» **Exercise objective**
Write out again, word for word, the lines below from the line that holds "Mallocups T-Shirt" through the line that holds "Data/Saída : 20/09/2012", omitting pictures.

» **Data**
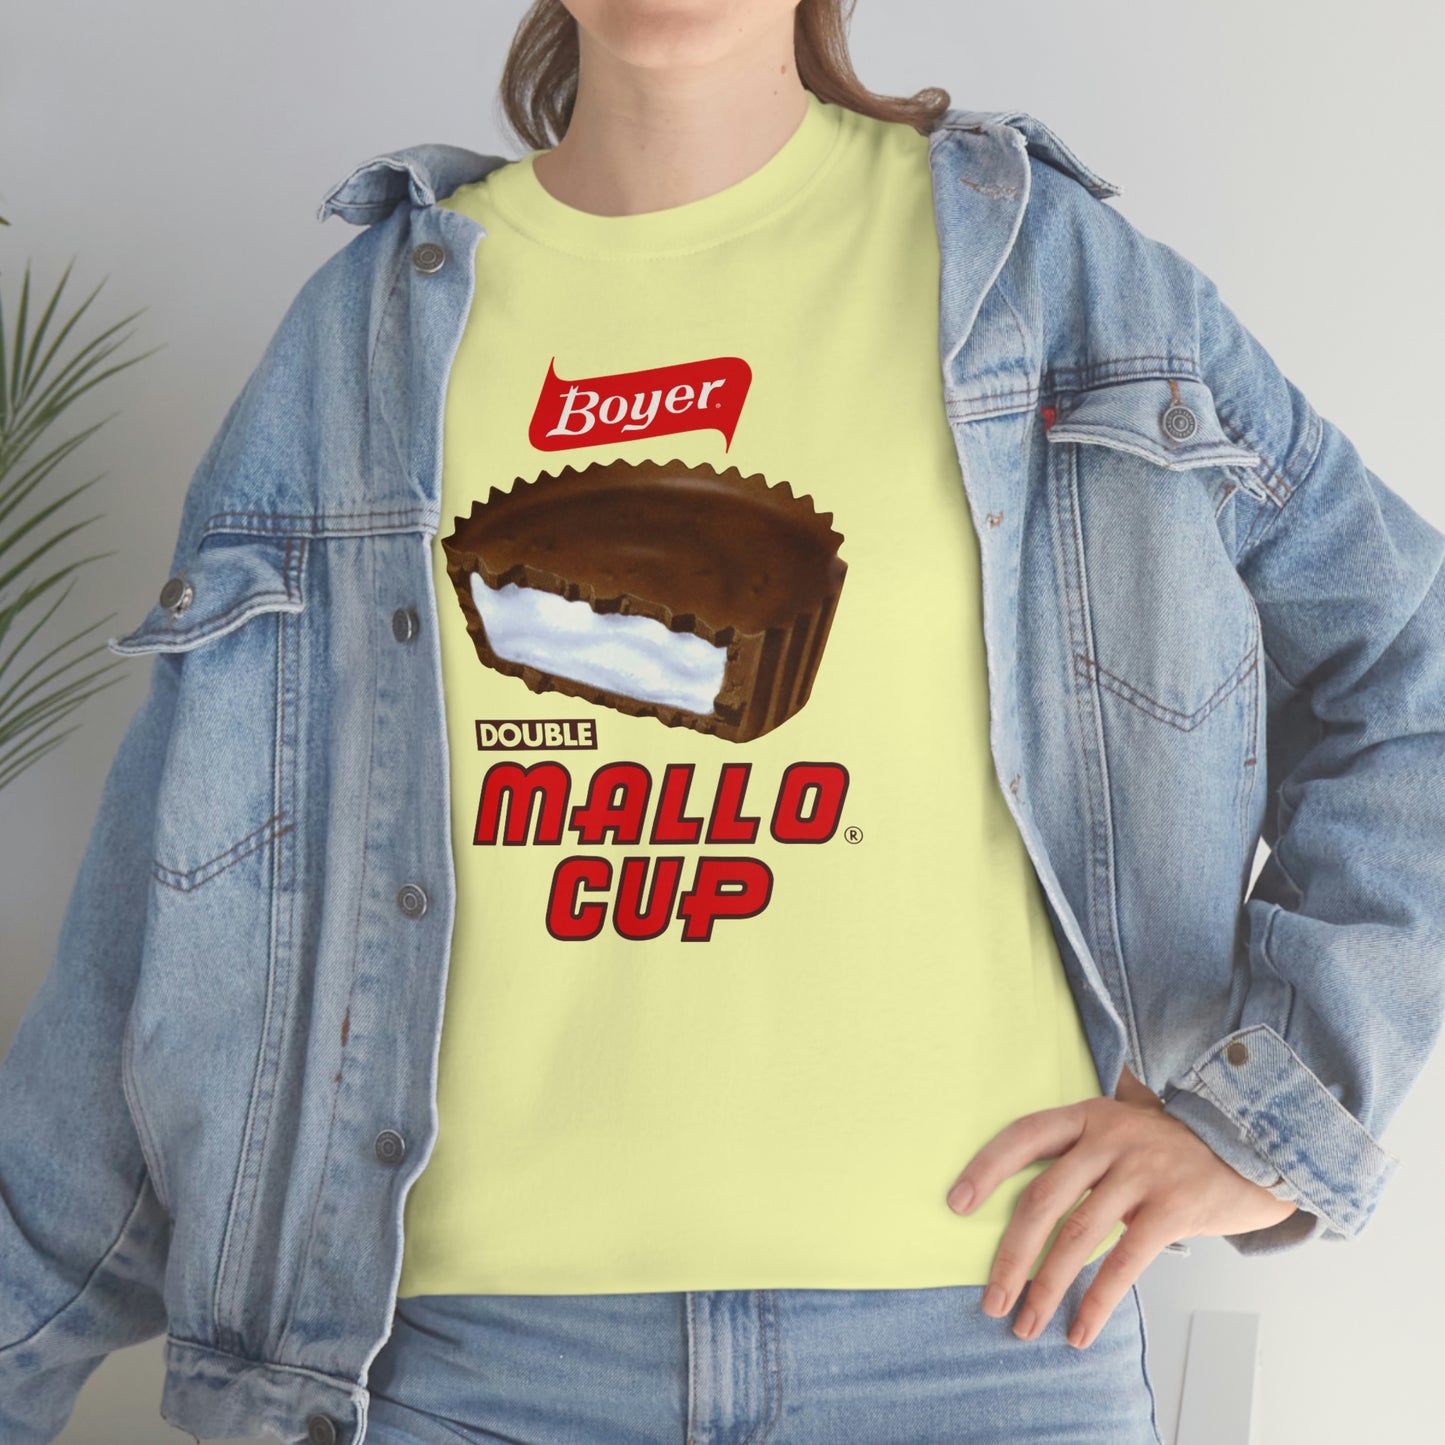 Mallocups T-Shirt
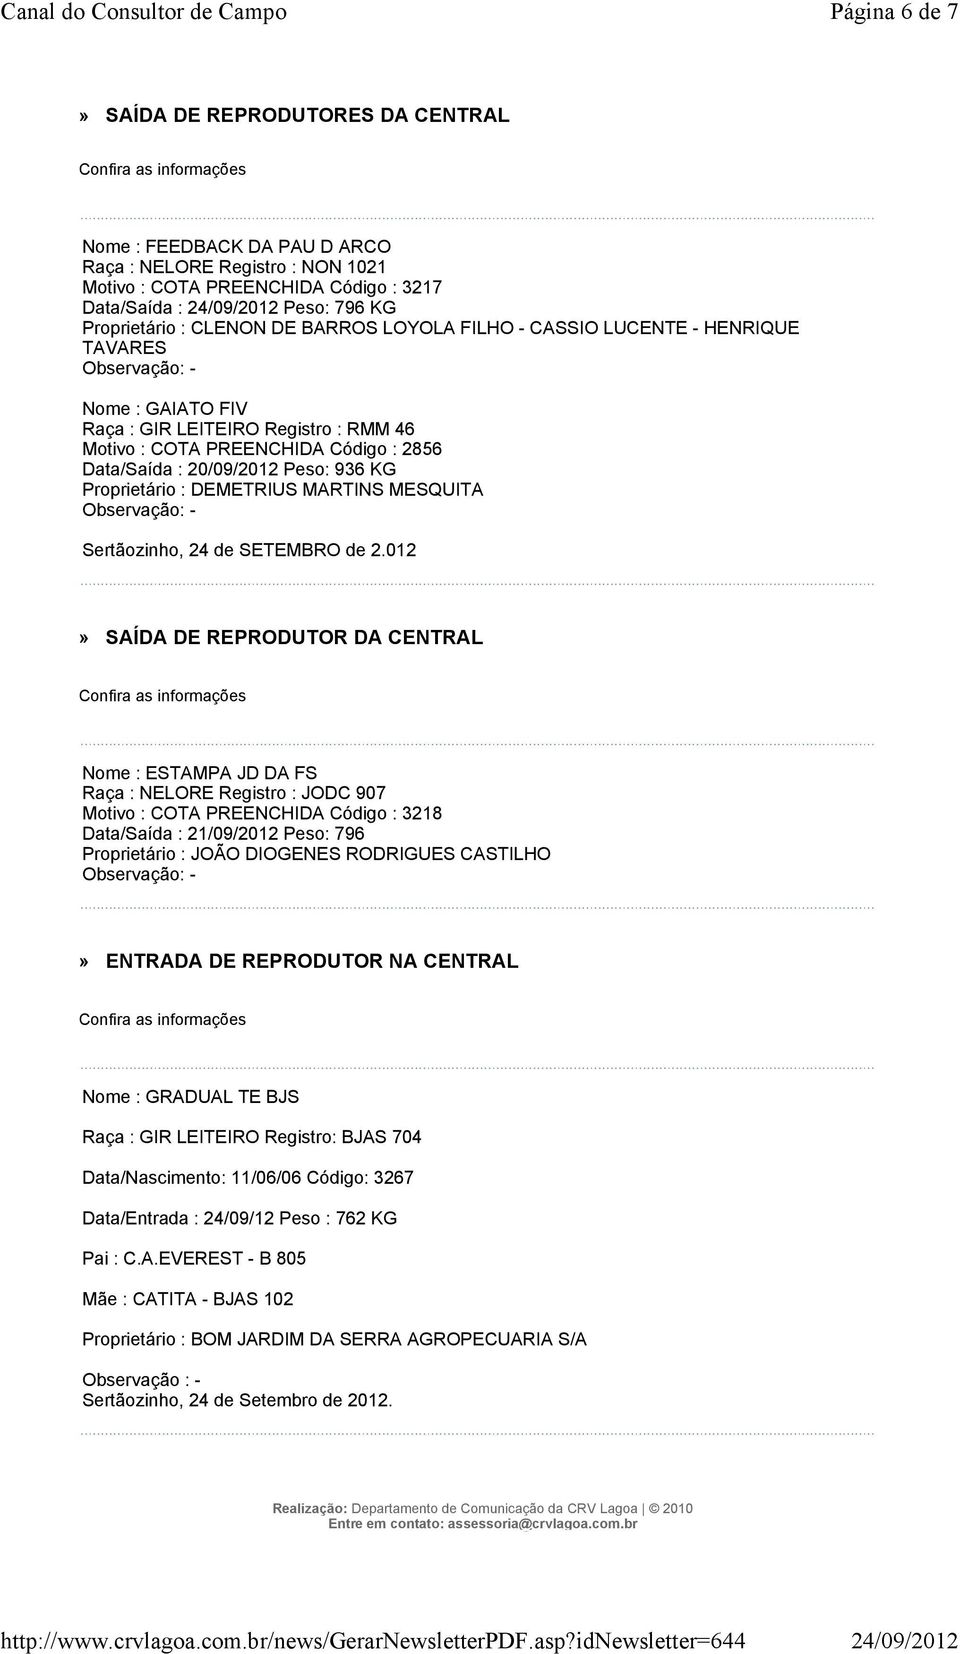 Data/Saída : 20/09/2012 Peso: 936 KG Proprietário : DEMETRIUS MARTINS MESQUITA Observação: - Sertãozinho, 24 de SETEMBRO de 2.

==

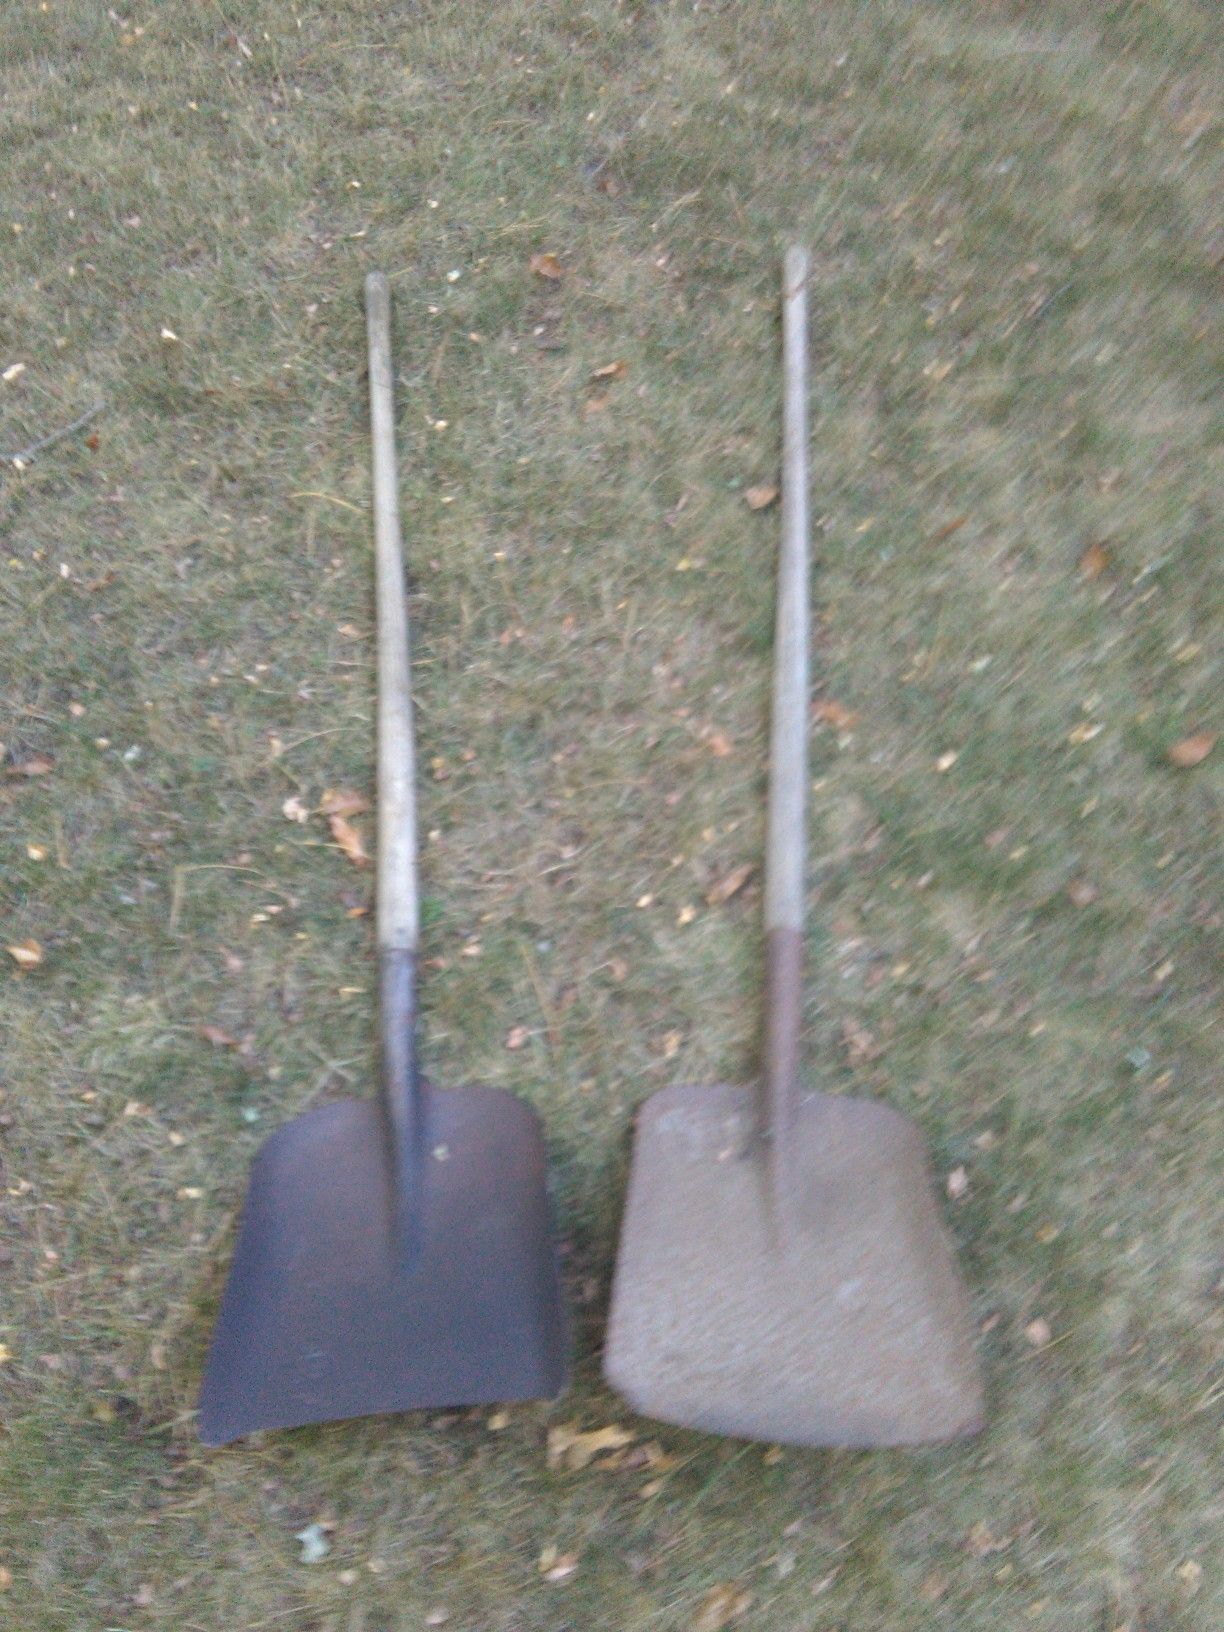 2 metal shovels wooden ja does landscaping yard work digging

» **Problem solution**
 Mallocups T-Shirt
 Data/Saída : 20/09/2012 Peso: 936 KG Proprietário : DEMETRIUS MARTINS MESQUITA Observação: - Sertãozinho, 24 de SETEMBRO de 2.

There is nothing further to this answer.